DANNY REPLIED: Thanks for your thoughtful response! I hope others find it illuminating. I especially like it that you use the word “can” in the 2nd paragraph = “That you tend to wake up fresh and energetic can be a sign...” and the word “may” in the 2nd sentence = “ may only need to tweak what you expect of yourself a bit.” Saying what might be gives your words much more authority than making claims that do not admit exceptions. Recently I have been trying to put on my calendar the tasks I hope to do in the next few hours. Right now is 2:00 p.m. and there are six tasks I hope to accomplish by 7:00 p.m. I have not just woken from sleep, so perhaps this is realistic. And that makes me think I should arrange tasks on my calendar when I am feeling the least optimistic, before sleeping rather than just waking. I turn 75 on September 17.
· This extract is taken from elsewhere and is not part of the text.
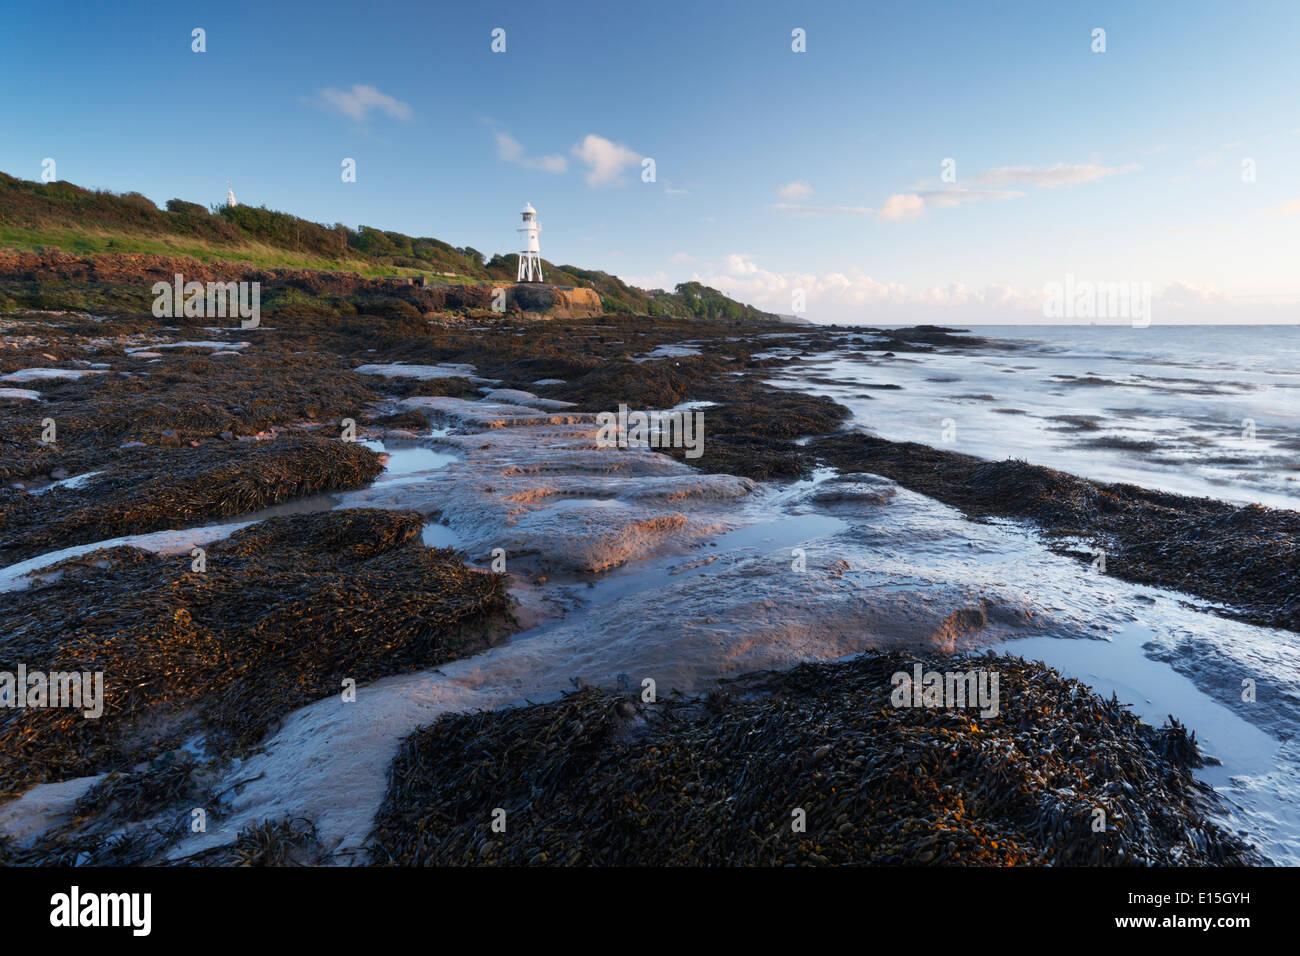 Black Nore Lighthouse. Portishead. North Somerset. England. UK. - Stock Image

MARK REPLIED: Thanks to some good mentors, I've done a lot of polishing in my use of linguistic qualifiers due to writing probably tens of hundreds of psychological reports of varying kinds over close to 45 years. Those reports have to be carefully worded since they can end up in court from time to time, and sometimes are written specifically for court. I'm impressed that you put tasks to do on a calendar. For the most part, the only things I put on a calendar are my appointments with patients, although I use a Franklin Planner, so I sometimes get a few other things in there. I do write down on our kitchen calendar when it's time to change the AC filter (every 3 months). I'm sure I'd get a lot more done efficiently if I scheduled other tasks, e.g Quick Books updates, bank deposits, sorting through the mail for what to keep & what to toss, studying up on an issue, home repairs & maintenance, even recreational things like dinner get-togethers and movies and calls to my 103-year-old aunt in NYC. But I don't, and stuff tends to pile up, which I dislike. I've never mastered how to prioritize some things without neglecting others. I'd say I set my bar of expectations too high in certain narrow niche areas, and too low in the rest. And I question how much I can change in that regard. I turned 73 in June.

Dennis wrote:
Many are called. Few get up.

Stephanie wrote:
So that guy climbed the giant pan of brownies and he’s feeling triumphant. Accomplishment does that. Is it optimism that makes us set excessive daily goals, or is it that we want to feel the triumph of overcoming our aging nap-seeking limitations? I like to think that the dynamic nature of the universe is reflected in us and we will never stop moving forward. It’s the direction of our energy that’s important, not the speed. [DANNY REPLIED: Actually, I rarely feel triumphant. More often it is relief that the job is done, coupled with a sense that the task got done only because I have ignored all my other tasks. Most times, though, I am more than willing to put everything on hold, not just for naps, but to read. I just finished “Pride and Prejudice”, an annotated edition I had yet to read. That was a pleasure!]